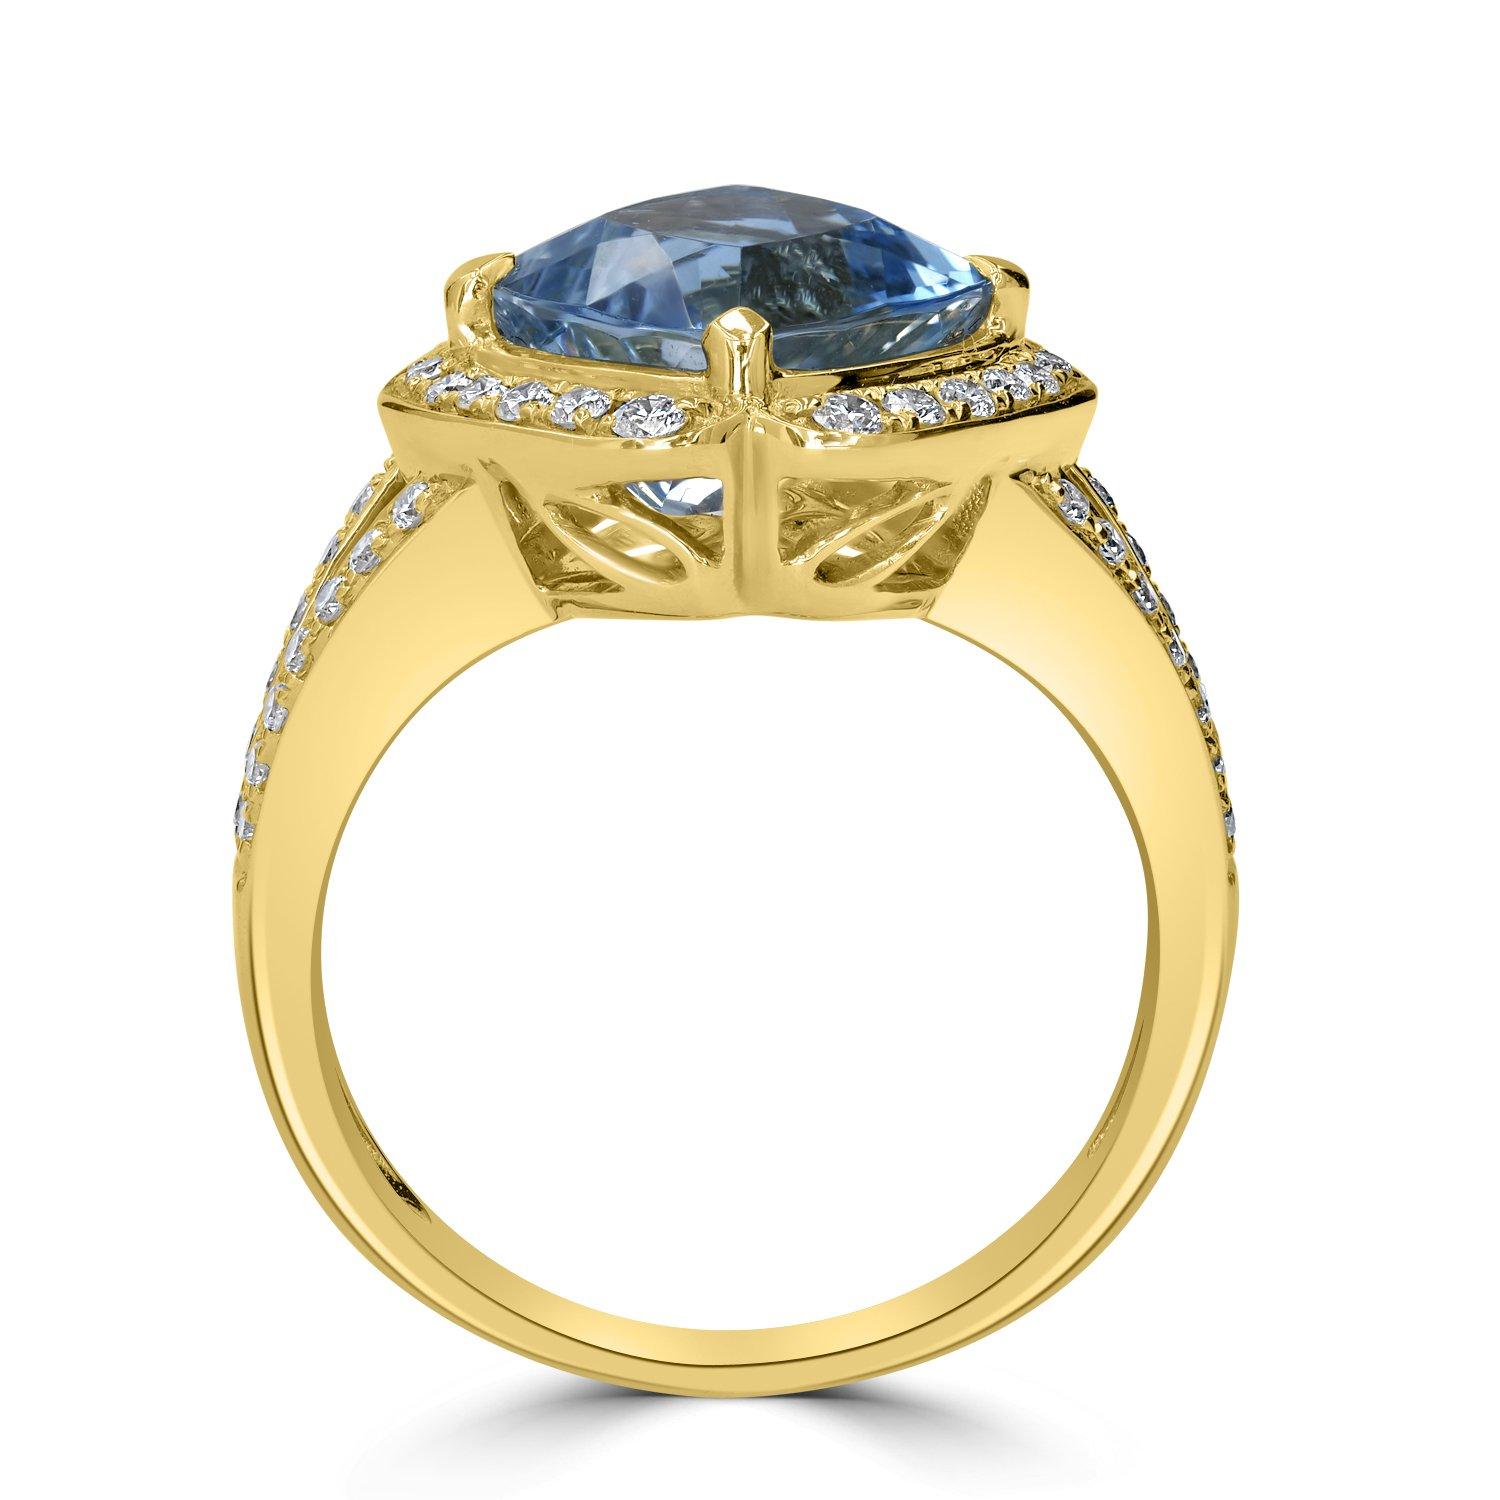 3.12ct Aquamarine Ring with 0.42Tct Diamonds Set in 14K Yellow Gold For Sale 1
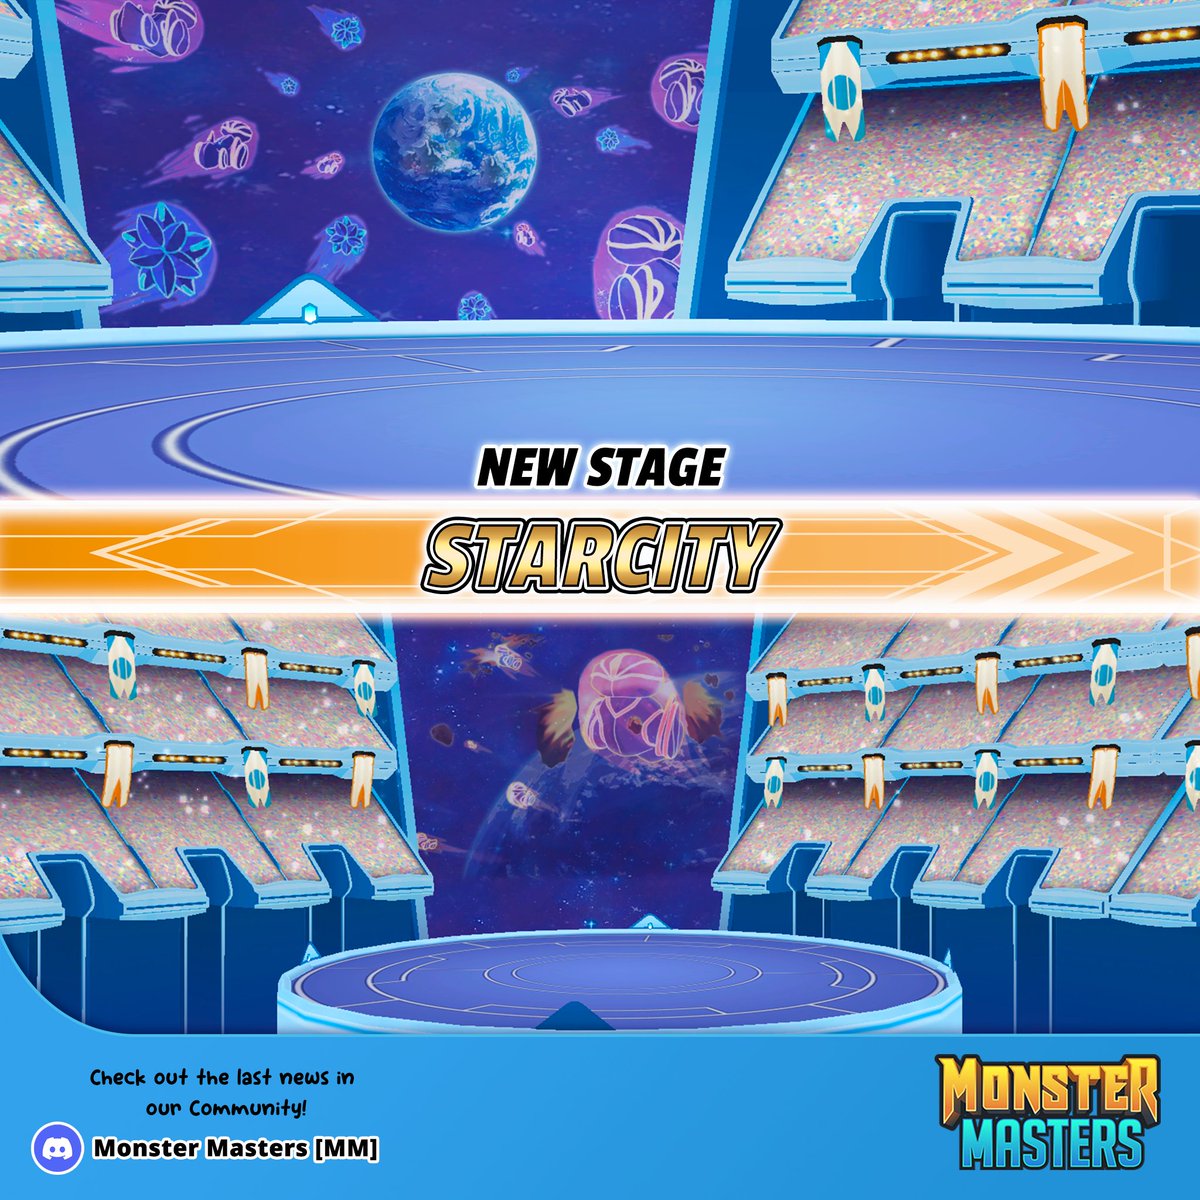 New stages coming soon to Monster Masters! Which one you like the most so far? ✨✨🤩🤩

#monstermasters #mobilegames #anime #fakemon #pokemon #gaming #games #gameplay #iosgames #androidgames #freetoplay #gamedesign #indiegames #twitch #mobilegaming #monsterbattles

Task details:
The whole listing, pictures excluded, should be output exactly.

Expected answer:
 3.12ct Aquamarine Ring with 0.42Tct Diamonds Set in 14K Yellow Gold For Sale 1
 New stages coming soon to Monster Masters! Which one you like the most so far? ✨✨🤩🤩

#monstermasters #mobilegames #anime #fakemon #pokemon #gaming #games #gameplay #iosgames #androidgames #freetoplay #gamedesign #indiegames #twitch #mobilegaming #monsterbattles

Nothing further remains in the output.